Conversely, the US dollar enjoys some support from higher government bond yields, as recent data, including the US gross domestic product for the fourth quarter, alleviated concerns about a potentially rapid loss of economic growth.

Although the US bond reference yield fell from the peak observed at the end of January, the strong dollar demand remains a sign of confidence in the economic outlook.

The US dollar index, which measures the ratio of the greenback against the six major currencies, is 0.05% higher, to 96.726 points after reaching 96.816 points on Monday, the highest level since February 19th.

EUR/USD analysis

The EUR/USD pair remains unable to attempt a serious rebound so far today amidst the continuation of the buying interest around the buck, which has pushed DXY to new multi-day highs.

The euro fell by 0.1%, to 1.1326 USD. On Monday, the EUR/USD pair reported an 11-day minimum, to 1.1309 USD


The currency faces the next support at 1.1289 USD (low January 24) followed by 1.1234 USD (2019 low February 15) and finally 1.1216 USD (2018 low November 12).

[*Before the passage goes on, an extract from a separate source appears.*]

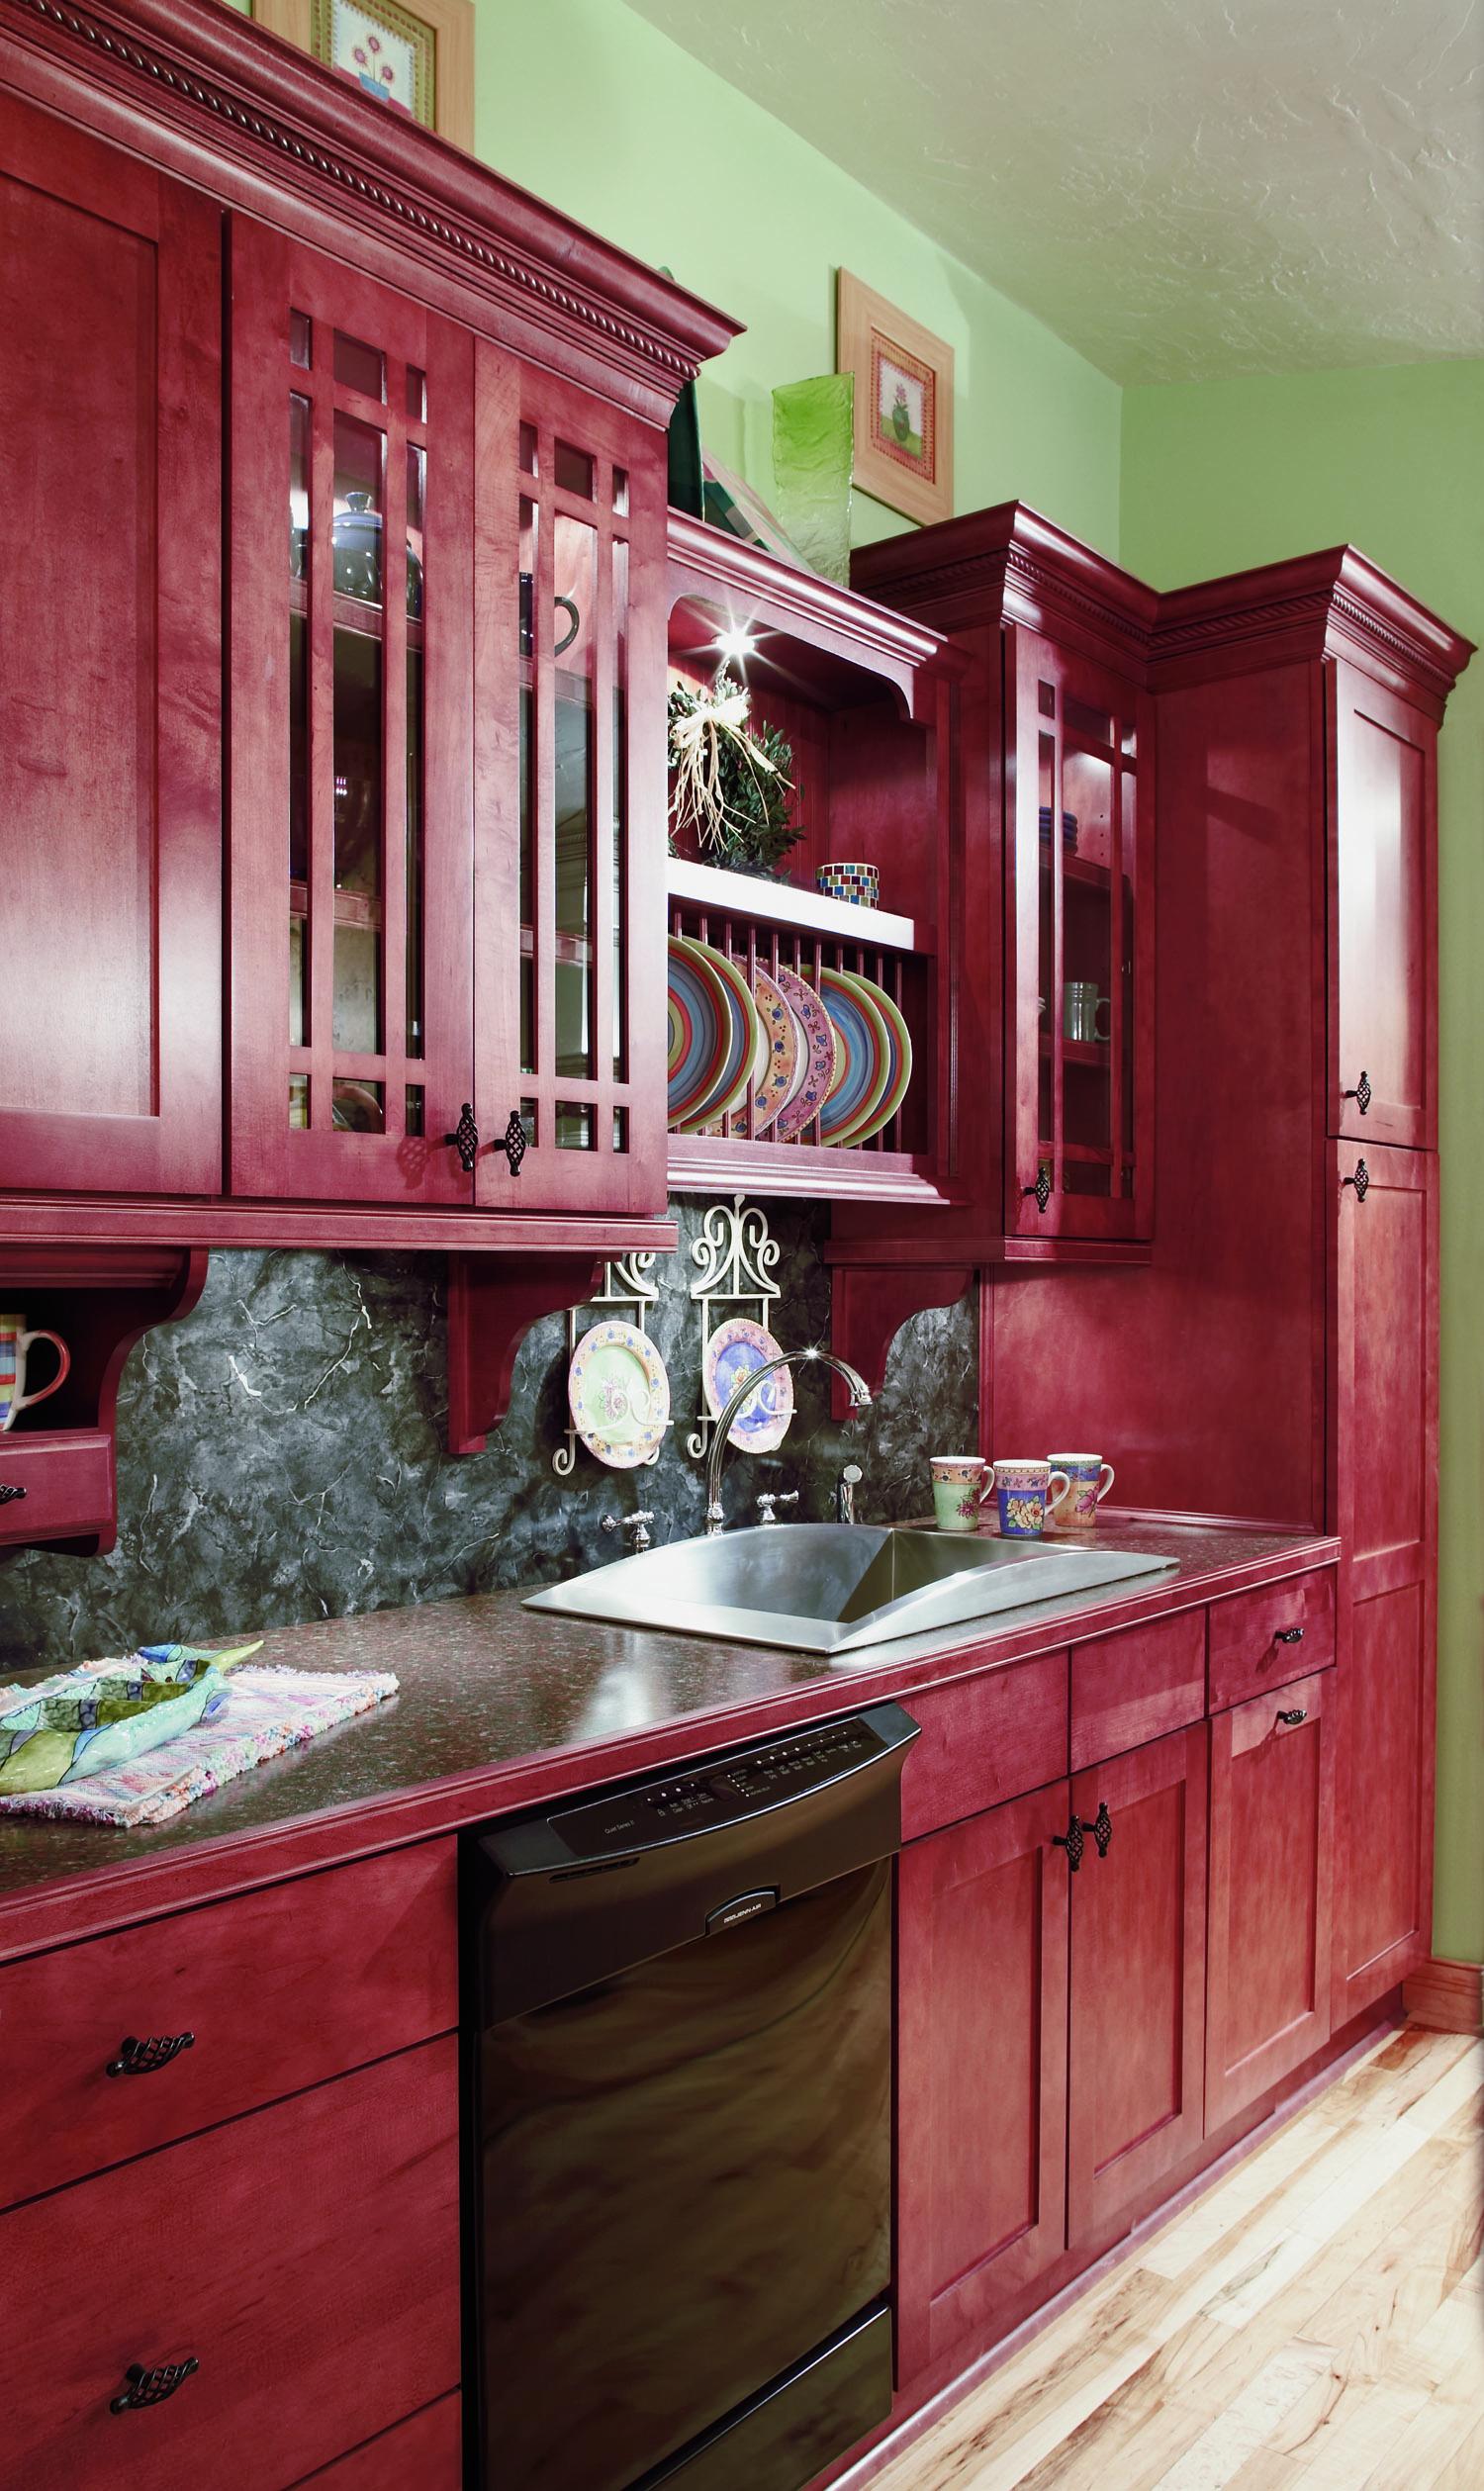 PRA_MPL_TEA Kitchen.jpg

On the upside, a breakout of 1.1419 USD (high February 28) would target 1.1442 USD (38.2% Fibo of the September-November drop) en route to 1.1506 USD (200-day SMA).

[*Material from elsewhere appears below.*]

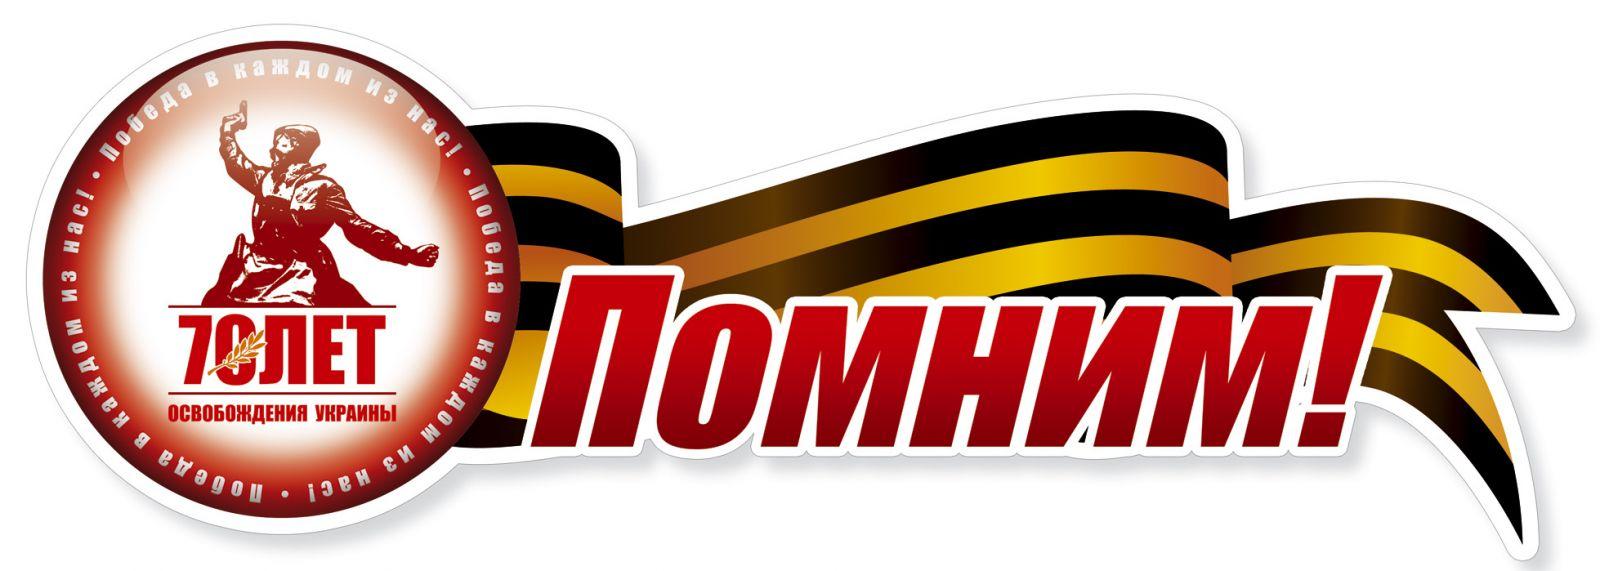 http://bal-ds2.edumsko.ru/images/users-files/bal-ds2/70_let_nakleka.jpg
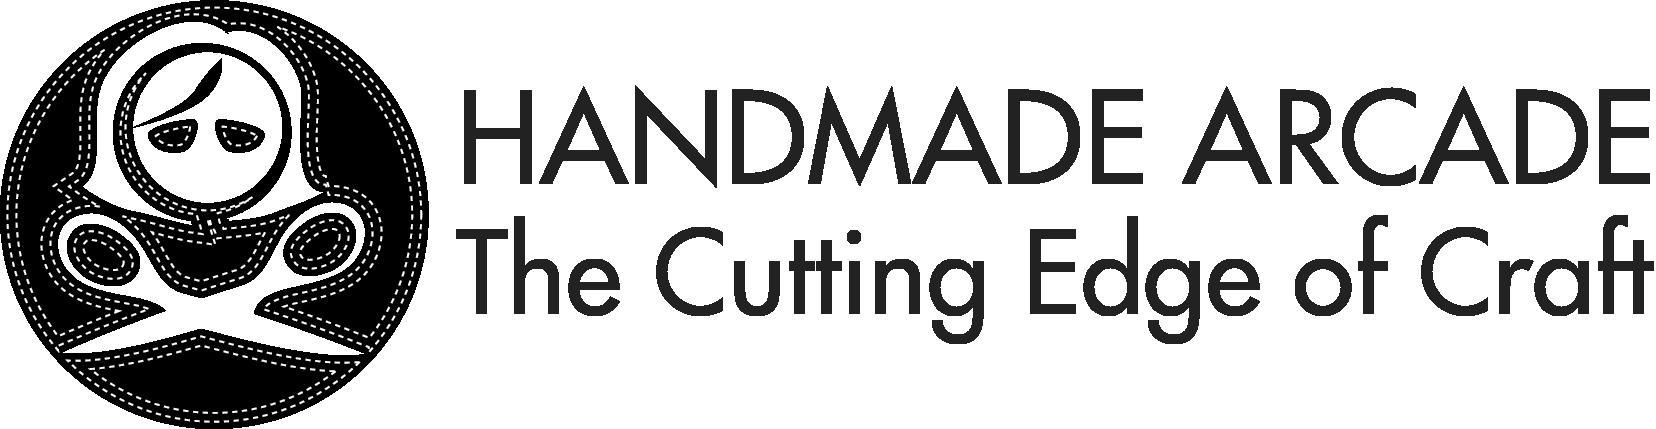 Handmade Arcade.png

The ECB meeting is unlikely to bring big surprises, but the Euro is under great pressure as market participants expect the central bank to use a more peaceful tone.

AUD/USD analysis

The Australian dollar fell by 0.2% to 0.7077 USD, completely eliminating the modest gains achieved at night for the expectation of further alleviation of trade tensions between the US and China.


The Australian dollar gained additional pressure after the Reserve Bank of Australia (RBA) left interest rates unchanged at 1.5% on Tuesday, as expected. The Australian currency slipped out as RBA refrained from taking a firmer position. However, market participants’ focus is on the Reserve Bank of Australia in anticipation of new measures to support the economy, so the Australian dollar remains in defense.

The Australian dollar won last month after the RBA backed out of its long-standing hard monetary policy, saying the next interest rate change might be down.

The AUD/USD pair fell to its lowest level since February 12 at 0.7065 USD earlier today but was able to recover a small portion of its daily losses ahead of the US data releases. It is likely that the junior descending channel will guide the AUD/USD currency pair towards a support level of 0.7035 USD within this session.

If the weekly support level holds, the currency exchange rate will make an upside reversal during the following trading session.

With a break below 0.7055 USD (February 12 low), the pair could extend its losses toward 0.7000 USD (psychological level) and 0.6915 USD (January 3 low).

On the upside, resistances align at 0.7100 USD (daily high), 0.7155 USD (50-DMA) and 0.7195/0.7200 USD (February 27 high/psychological level).